The average household has ~2 cars or so, room for 1 electric car and 1 gas car.
Hopefully we would use the 100 million electric cars for the majority of the under 100 mile daily commuting and that would be the bulk of the miles driven. The 150 million gas cars can do more of the longer trips.
If gas gets expensive enough it will make economic sense to retire functioning gas cars ahead of schedule and replace them with electric cars.


One response to “Car Life

  1. “It makes sense to discard a car when the cost to repair it exceeds its value. At that point you can discard it and purchase a similar used car for less than what it would cost to repair the one you have, or you can just buy a new car.”

    Exactly right. But to be clear, “it makes sense” is subjective and strongly influenced by cultural and codified norms. You cannot buy a used car with any assurance at all that you’re getting anything approximating the value of the car being considered for repair.

    My 18-year-old car has a blue book value of $1K under the _best_ circumstances. But there’s no practical way for me to go out and spend only $1K and know that I’m getting a car in the same condition.

    Another factor to this equation is the way car insurance works. One of the biggest reasons to _not_ sink money into car repairs is that none of that money is recoverable if someone crashes into you and severely damages the car. When we spent the $8K or so to rebuild the transmission and bring some other needed repairs up-to-date (some neglected since the birth of our first child), we exposed ourselves to a huge financial risk. From a economic, risk-management point of view, it made no sense whatsoever to spend that much money on maintenance. And yet, for us, that was still very much the decision that “made sense”, even compared to the option of simply replacing our then-15-year-old car with another 15-year-old car.

    I honestly can’t think off the top of my head of a more equitable way to run the insurance rules, but as they stand now, they strongly discourage any sort of on-going maintenance for a car, especially to deal with acute problems on an aged car.

    Contrast all this with the aviation industry, even light planes (which are not regulated nearly as heavily as commercial transport aviation). All aircraft are required to undergo at a minimum an annual inspection, and depending on how the aircraft is used, an inspection every 100 hours of use. Among other things, the inspection requires the aircraft to meet specific standards set out by the manufacturer as part of the “airworthiness certificate”. Some of the standards allow for wear and tear while others are binary, but in all cases there is a strong assurance that after an annual inspection, there’s a reasonable upper bound on maintenance costs.

    As a result, aircraft don’t depreciate nearly as much as automobiles, and it’s WAY harder to spend so much money at one time on maintenance that it wouldn’t be recovered through insurance in the event of a total loss. (Of course, as with any mechanical thing, over time the maintenance costs add up…but IMHO that can be ignored, as simply being part of the operational expenses, not a capital investment in the machine itself).

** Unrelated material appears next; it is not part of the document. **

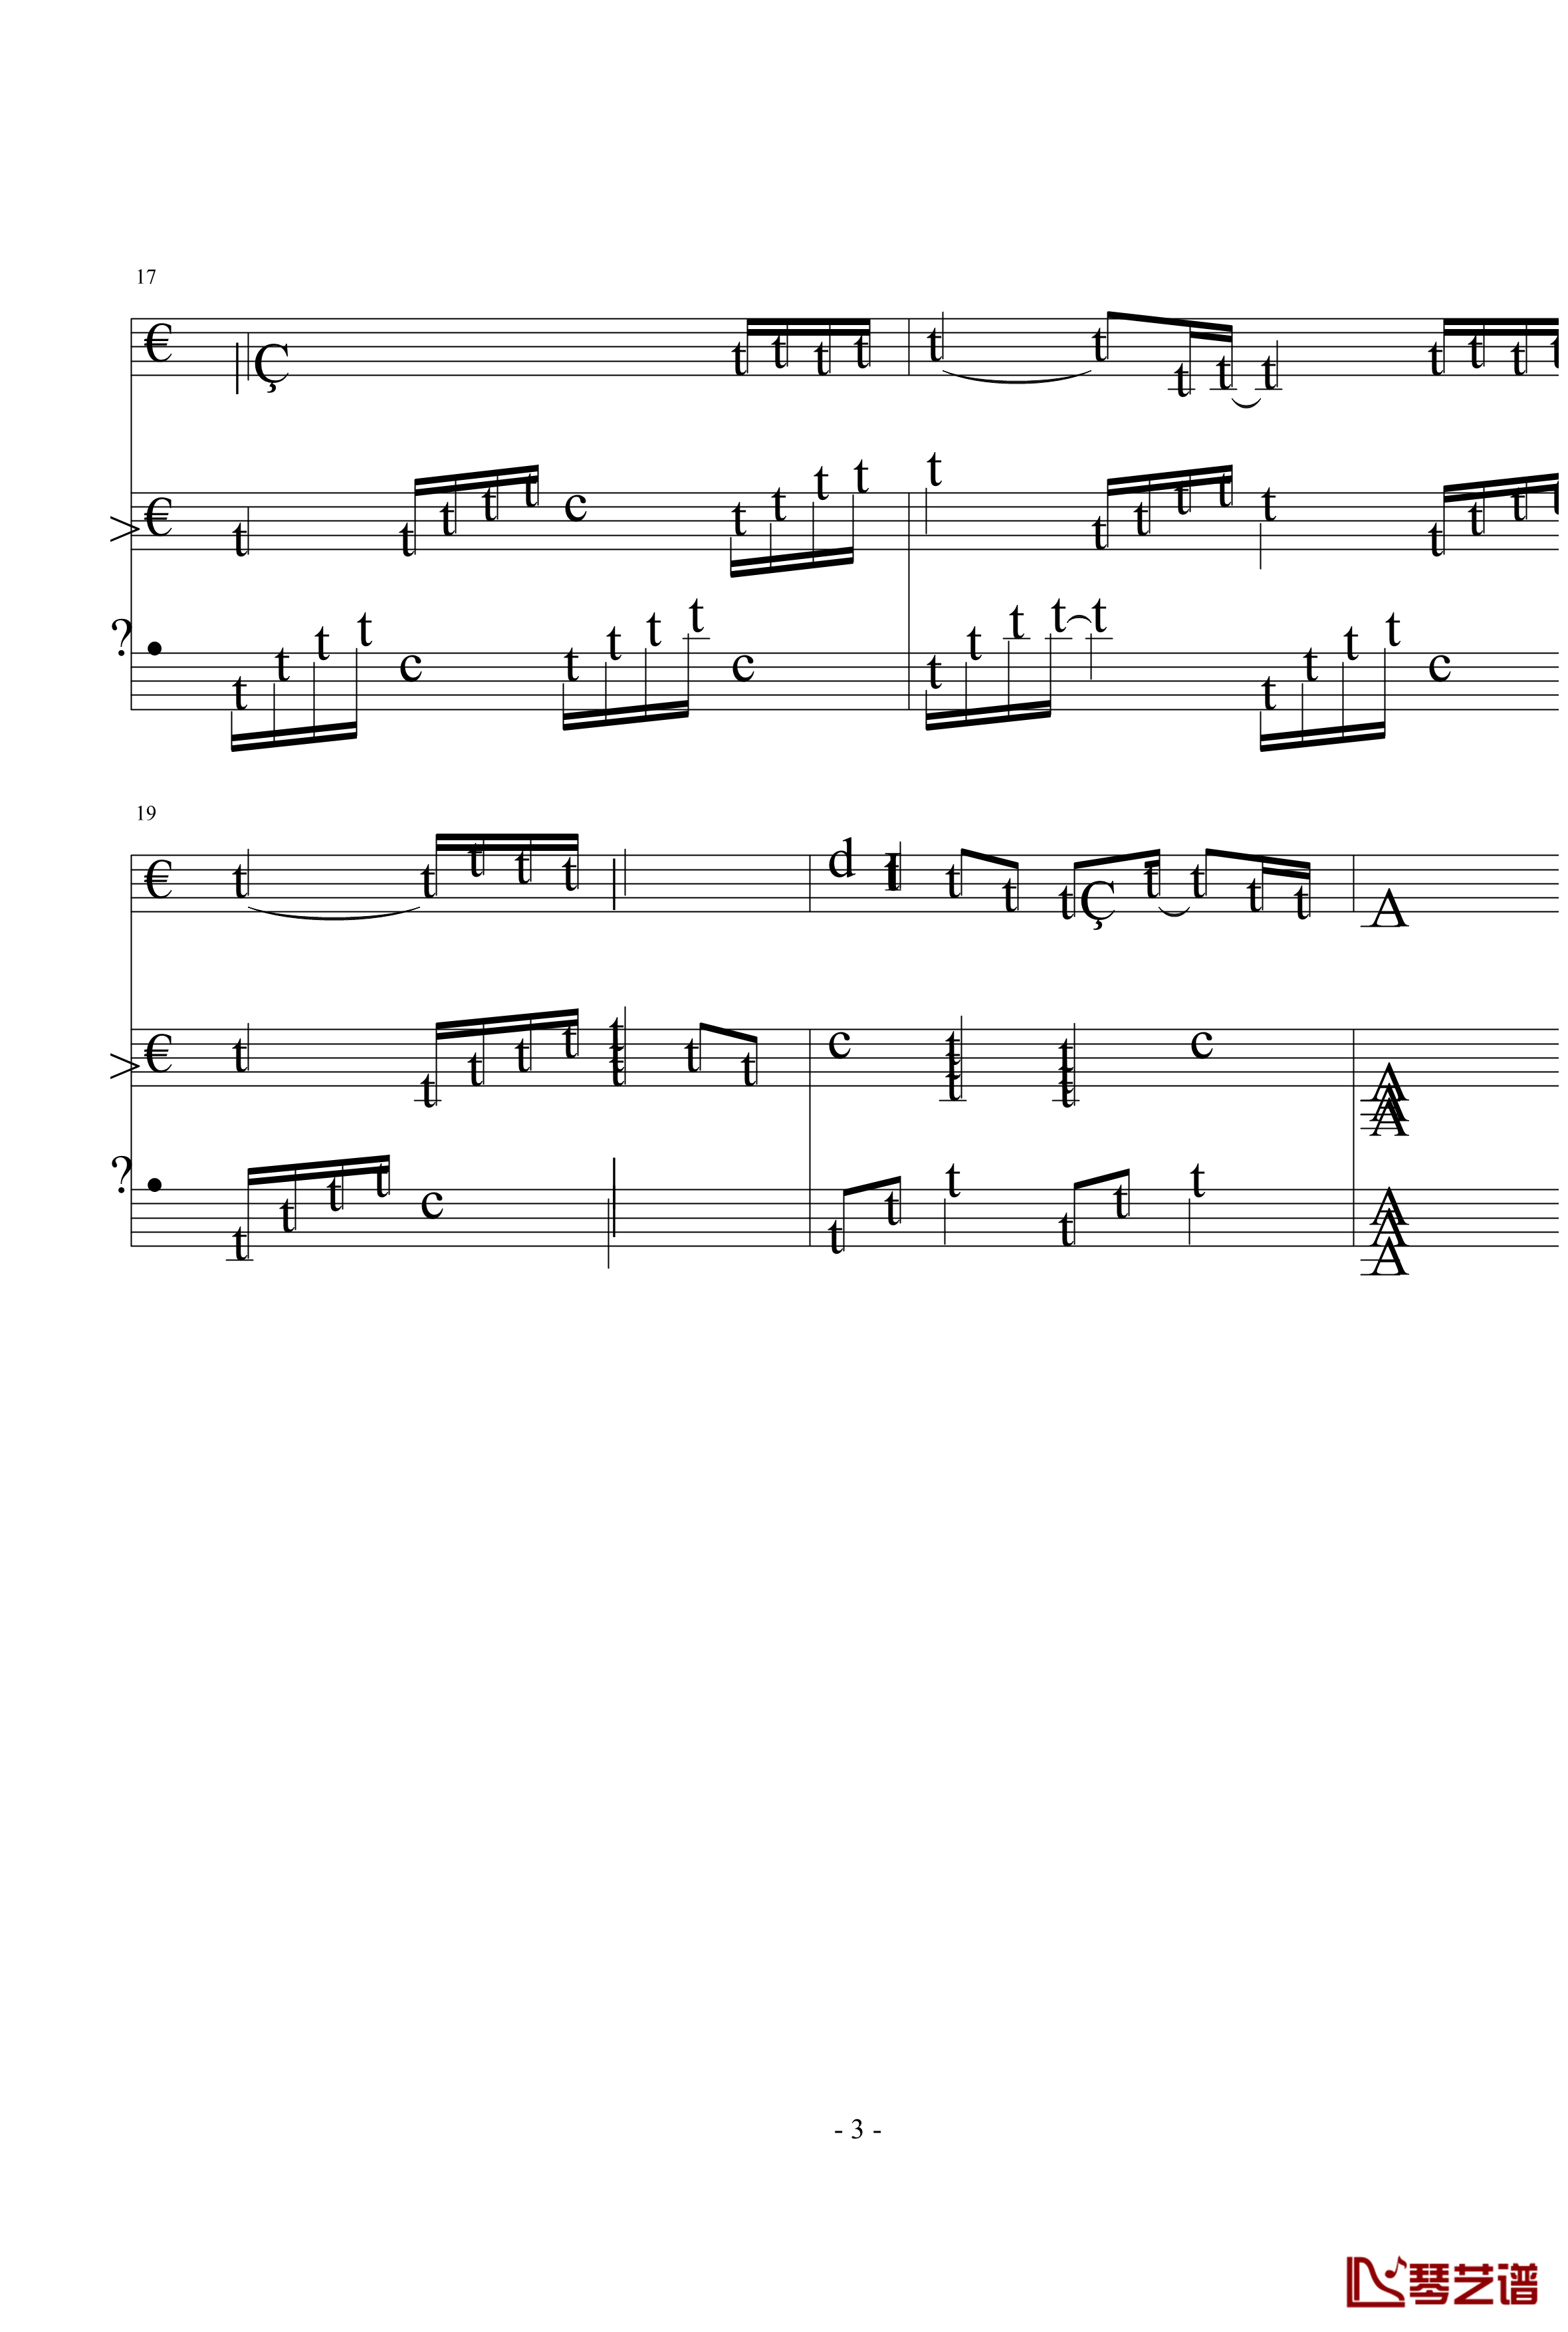 一首简单的歌钢琴谱-未央歌3

    Frankly, a lot of the wastefulness in the US transportation industry, especially in terms of personal transportation, could be addressed through economic side-effects of more effective and strict regulation, both on vehicle maintenance and driver qualification (imagine how much more popular and important public transportation would be in this country if a person actually was required to meet a non-trivial standard of competence in order to receive a driver license).